Yes, I knew there was a chance my story would get posted on Design Mom, I mean, after all-I submitted it myself. But- I thought there might be some sort of advance notice, or official invitation/letter of acceptance. Like maybe a little bird would show up on my windowsill with a teeny-tiny letter rolled up like a scroll in its beak. Or, you know, an email. With a confirmation number.
But then I would have been anxious, and spent all day cleaning, trying to make my blog look all cute and stuff. So, here we are, me and my stories-and you've shown up... and even though I am actually wildly self-conscious, I am throwing my arms into the air and welcoming you in a big, booming, BIENVENIDOS kind of way, despite the fact that I feel quite unkempt and in no state to take on houseguests. Certainly not on Cinco de Mayo. Can I offer you a half-eaten cannoli?
Still: don't chance gatherings make the nicest sort of parties? Nobody's had time yet to overthink their tablescape or agonize over the seating arrangements. You just let the chips and dips fall where they may, and it's all just sort of randomly beautiful-- and awkward, too. Sometimes.
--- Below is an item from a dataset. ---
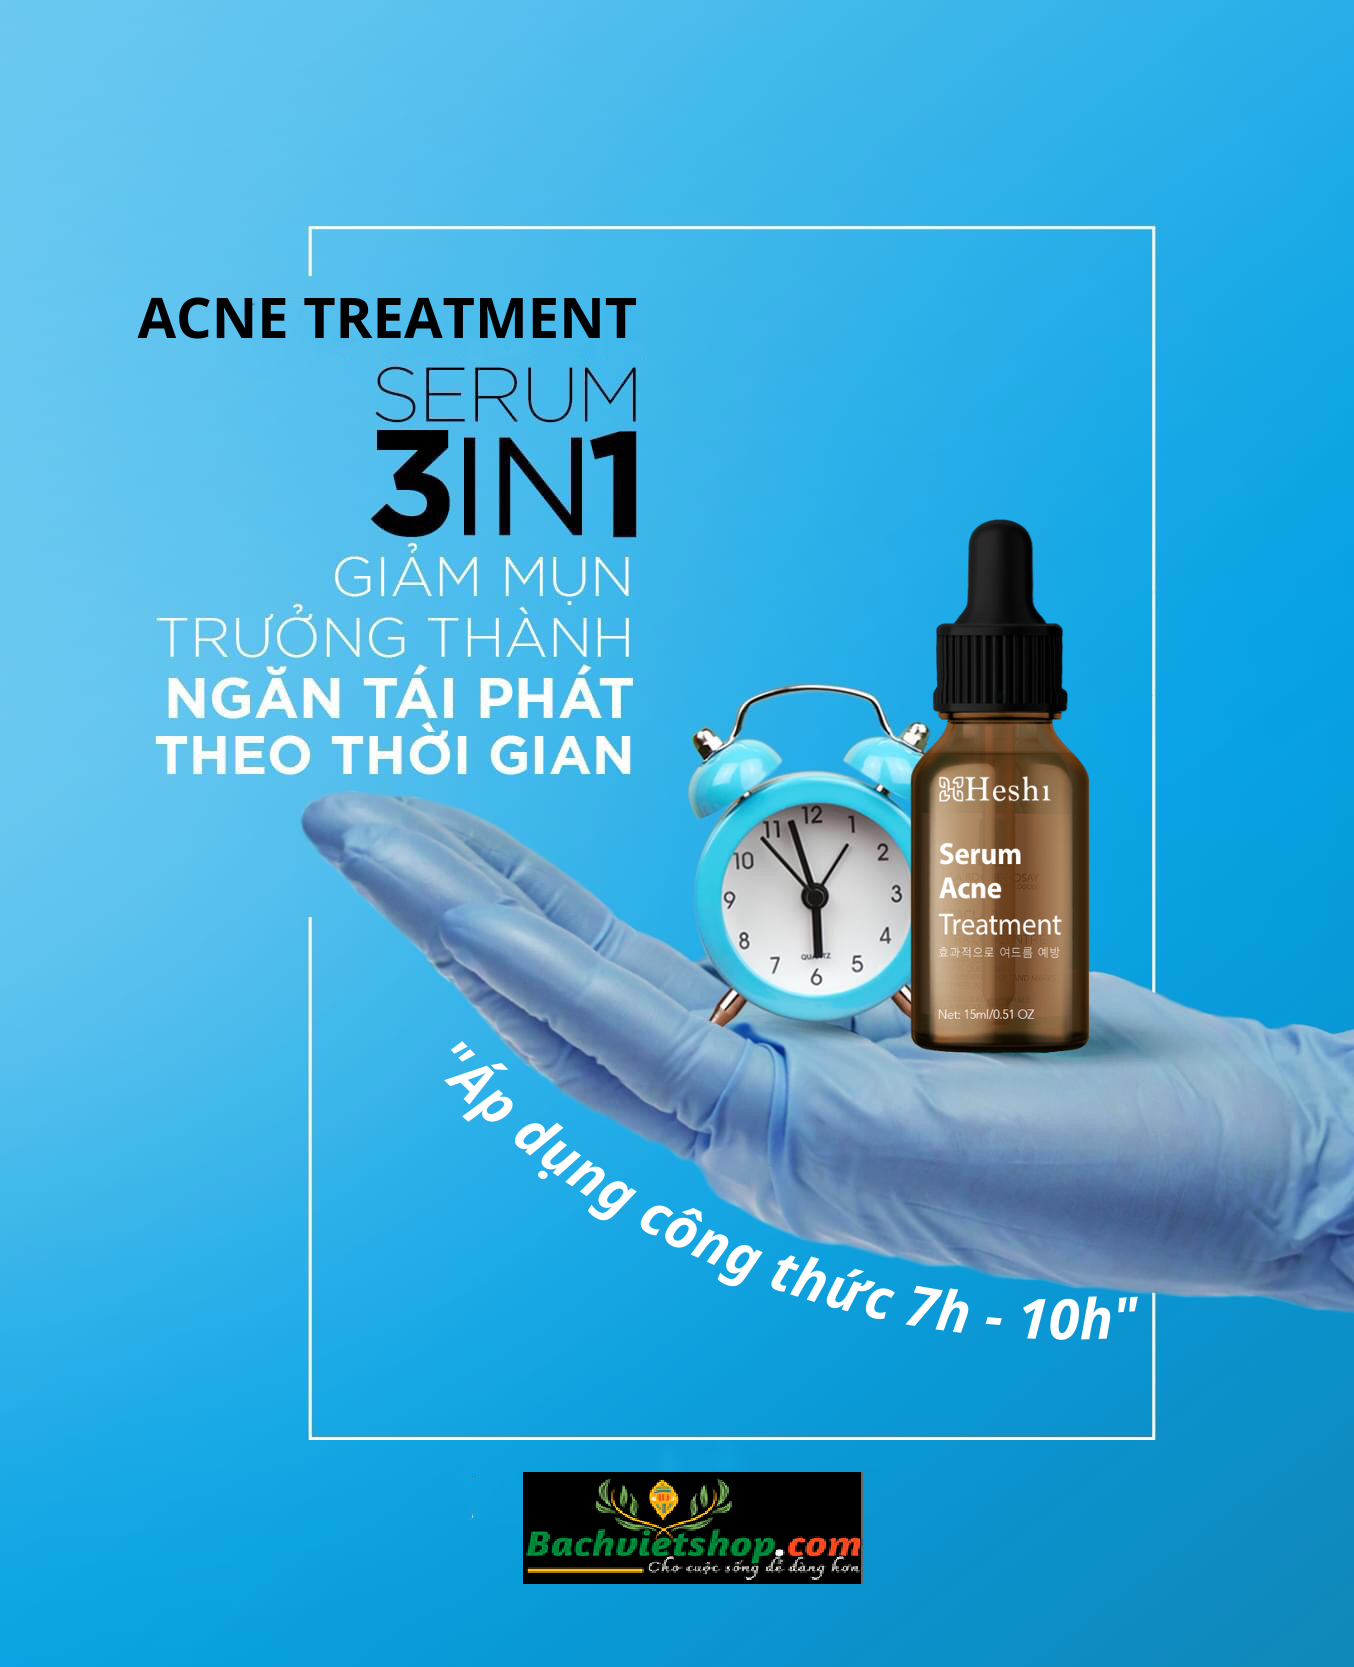 Serum Đặc Trị Mụn Heshi Acne Treatment Dòng 1 - Giải pháp chăm sóc tối ưu cho những làn da mụn!

So this is my blog. It started as a way for me to chronicle how my husband and I had this wild and crazy idea to move our family to another state, buy a greenhouse and farmhouse on seven acres, and basically just start from scratch in a completely new career: growing flowers. And I suppose it still is that, because we still have that life, the country life, but we've held on to our old life, too, in the city, and even as I'm writing this, I don't know which is my old life and which is my new life-just that everything is changing and writing is the only way for me to keep from being overwhelmed by emotional whiplash. And, I'm also much better at being funny on paper than I am in person. Whenever I attempt a joke at a party, some people get up to refill their drinks, others throw themselves off the nearest fire escape. When I write, though, there's no punchline to screw up. There's just a story. Here is what happened, and what it felt like. Sometimes it's funny. Often, it's sad. The thing about writing is, there's always an emotional vein open, I think.
And that's pretty much what I do. I just write. Sometimes, I try to take pictures and post them in all their artistic glory, but mostly I am a horrible photographer and can't tear myself away from the moment to capture it on film for all eternity. I'm lucky I have a good memory, because someday, my children will want me to describe what they looked like as...children.
And one more thing-that post about my sister's baby. I really love him. I had never been present for a birth before-other than those of my own two children-and being there for his grand entrance really sealed the deal on him being one of my all-time favorite people in the world. And I'm so glad my sister is able to accept me and all my wacky, hiding-in-the-bathroom-during-her-labor schemes. She is 100% awesome.